-- Dataset section follows --

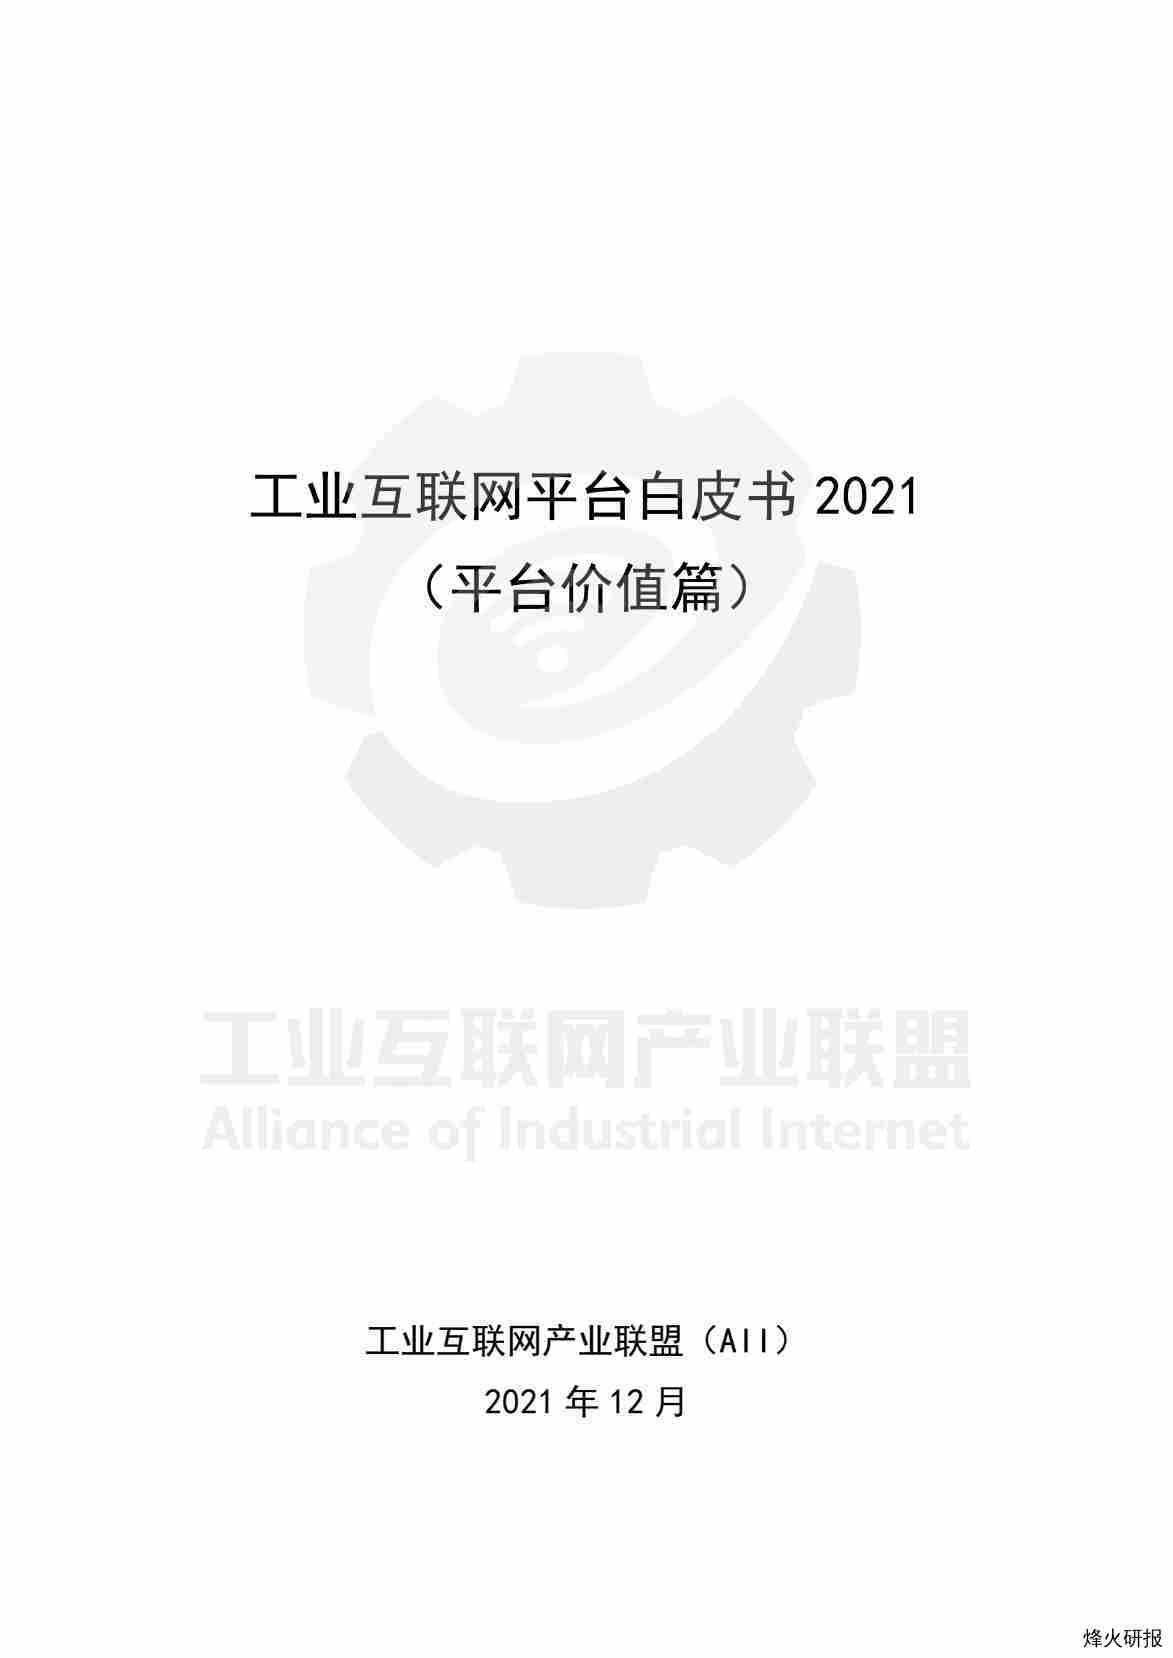 【工业互联网茶产业联盟】工业互联网平台白皮书2021（平台价值篇）.pdf-第一页
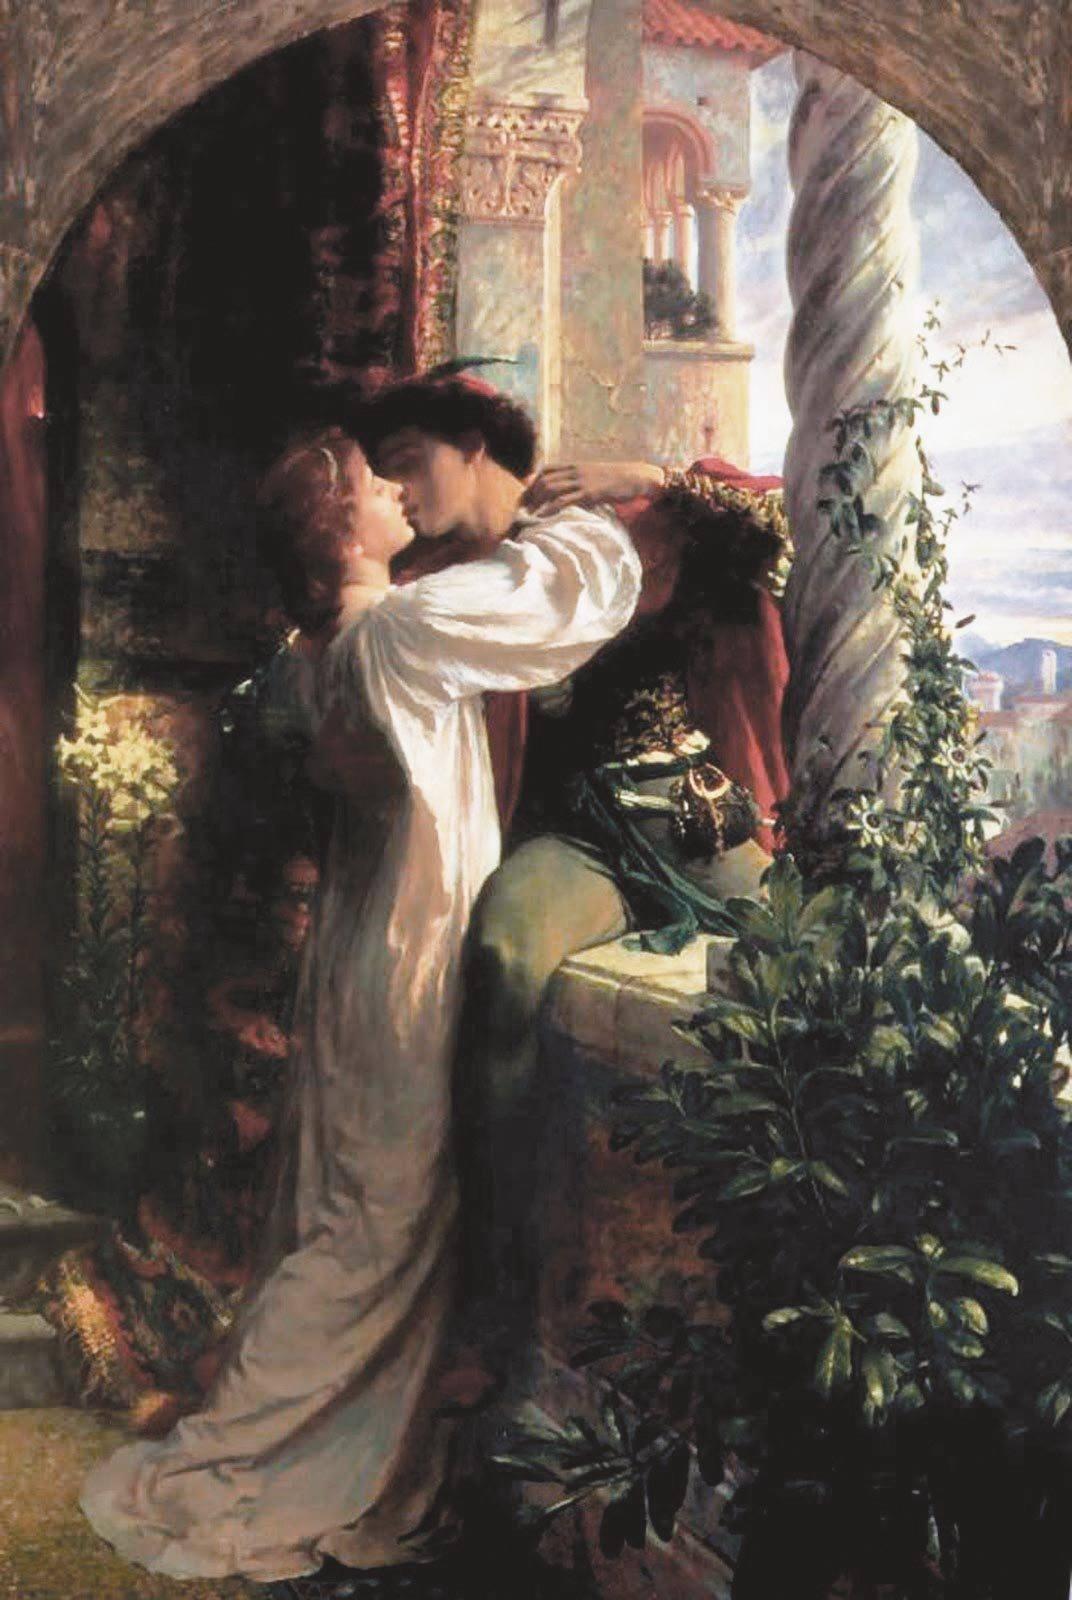 Ex. 7 Roméo et Juliette
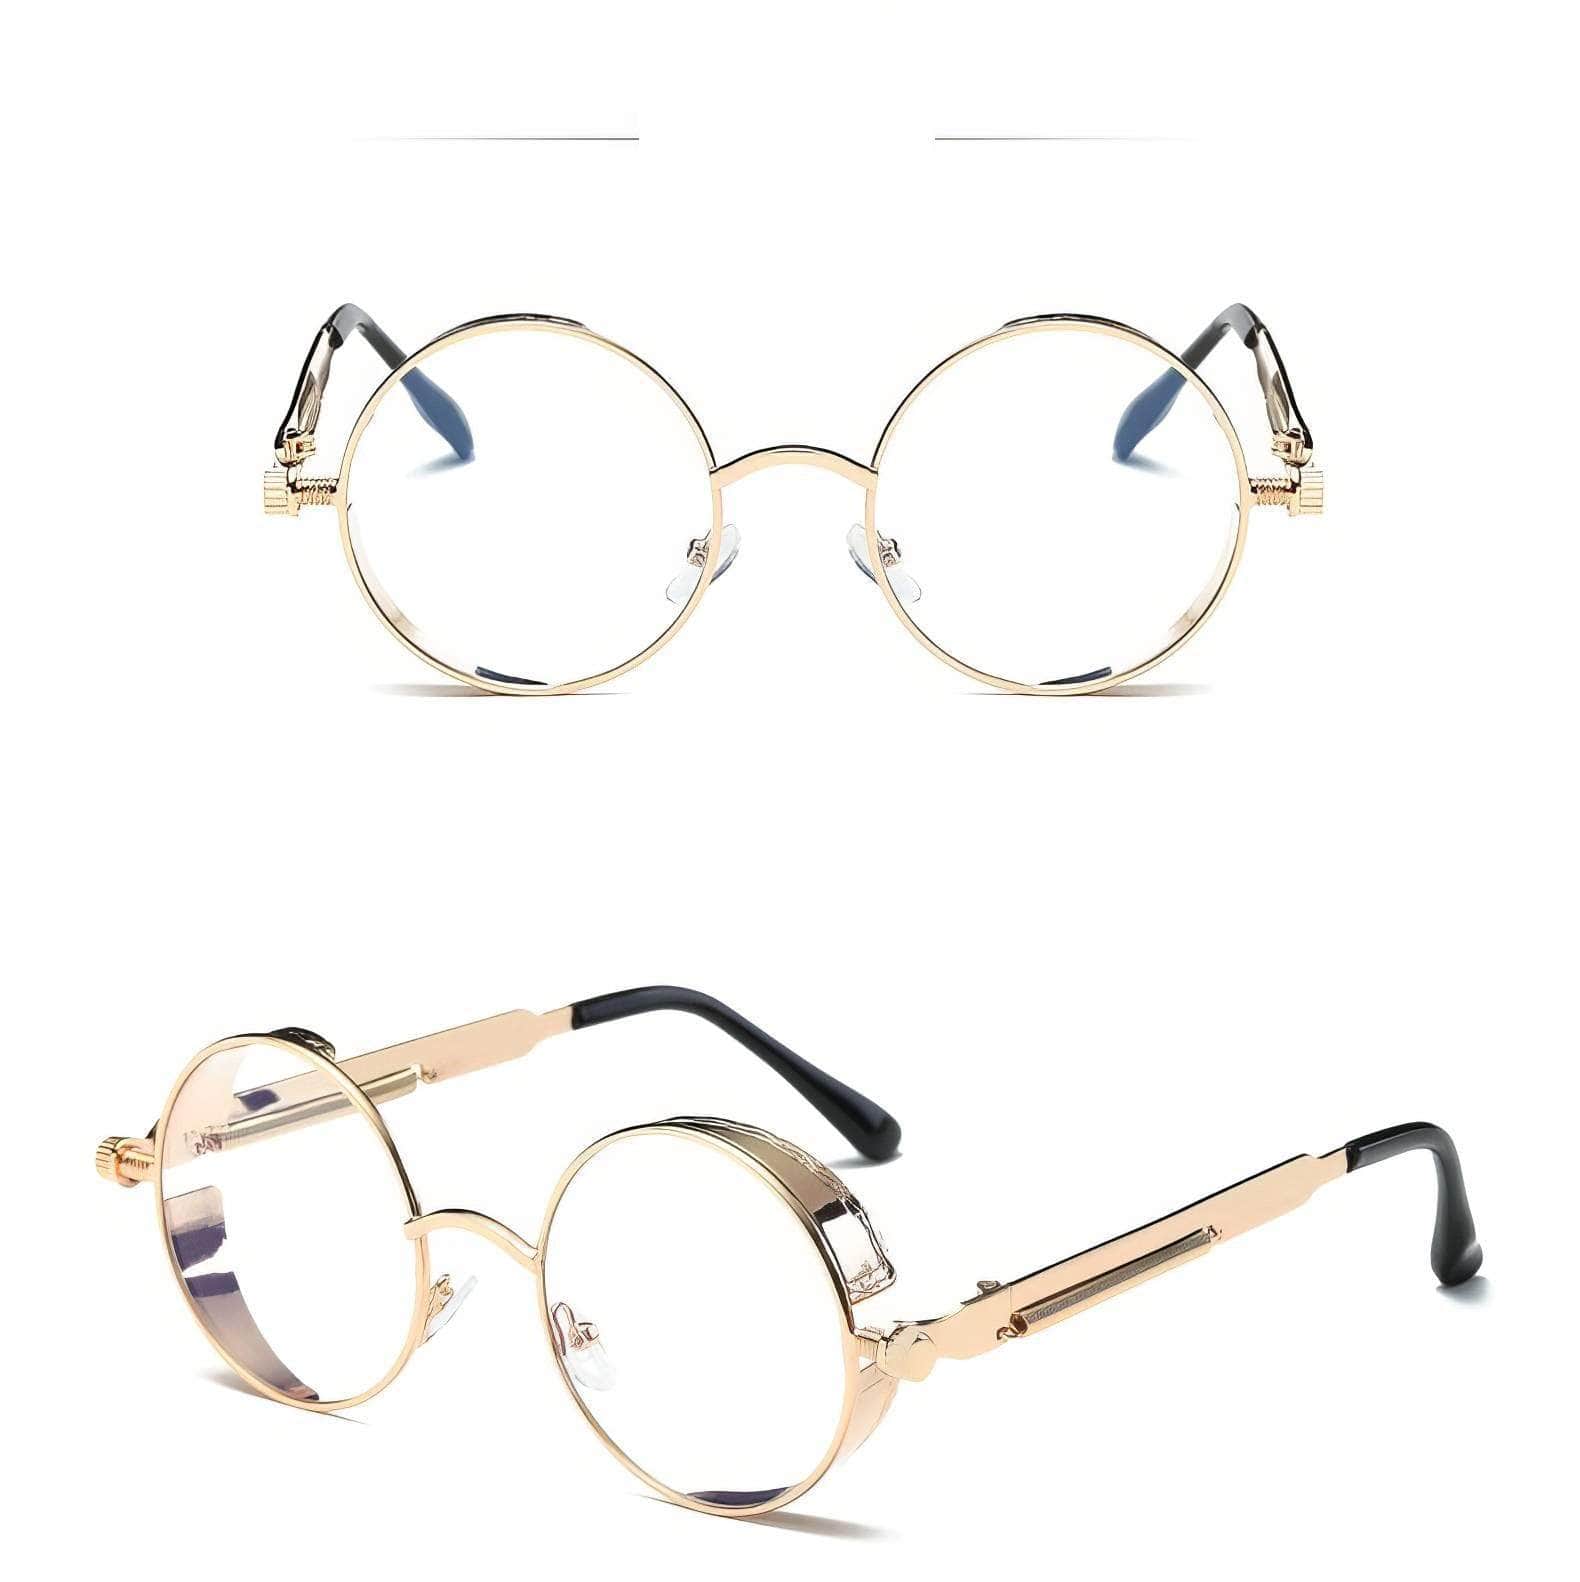 Small Round Frame Genre Sunglasses
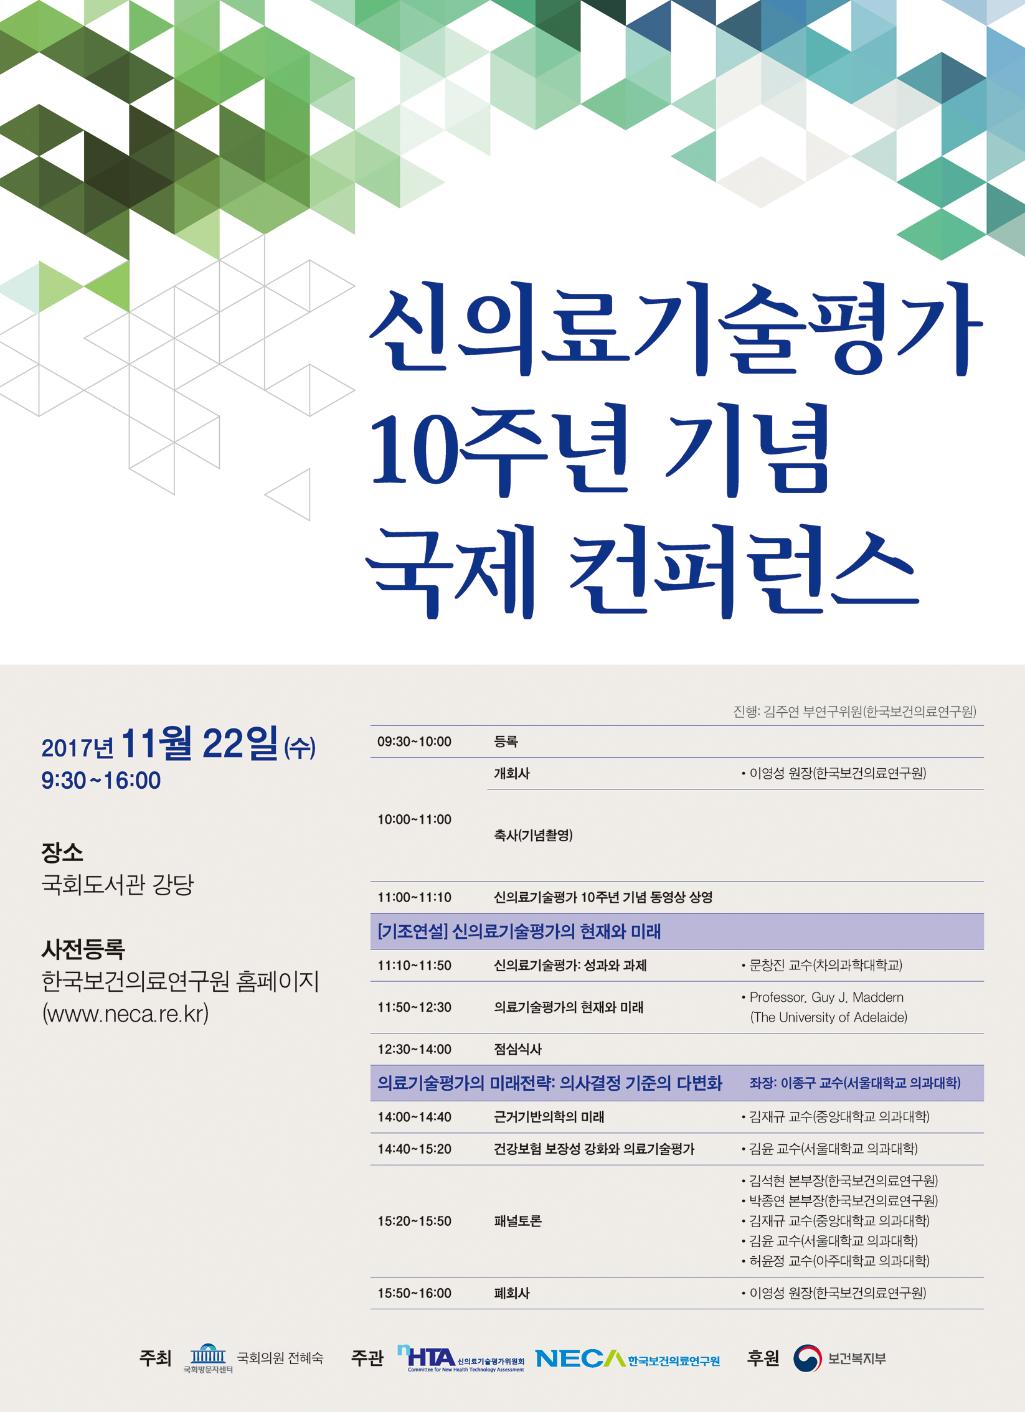 2017년 제3회(24차) NECA EBH Forum 개최 안내

-- Dataset section concluded --

Task instructions:
Transcribe exactly the span of lines from the line holding "Small Round Frame Genre Sunglasses" through the last line above, both included. Pictures stay out.

Answer section:
 Small Round Frame Genre Sunglasses
 2017년 제3회(24차) NECA EBH Forum 개최 안내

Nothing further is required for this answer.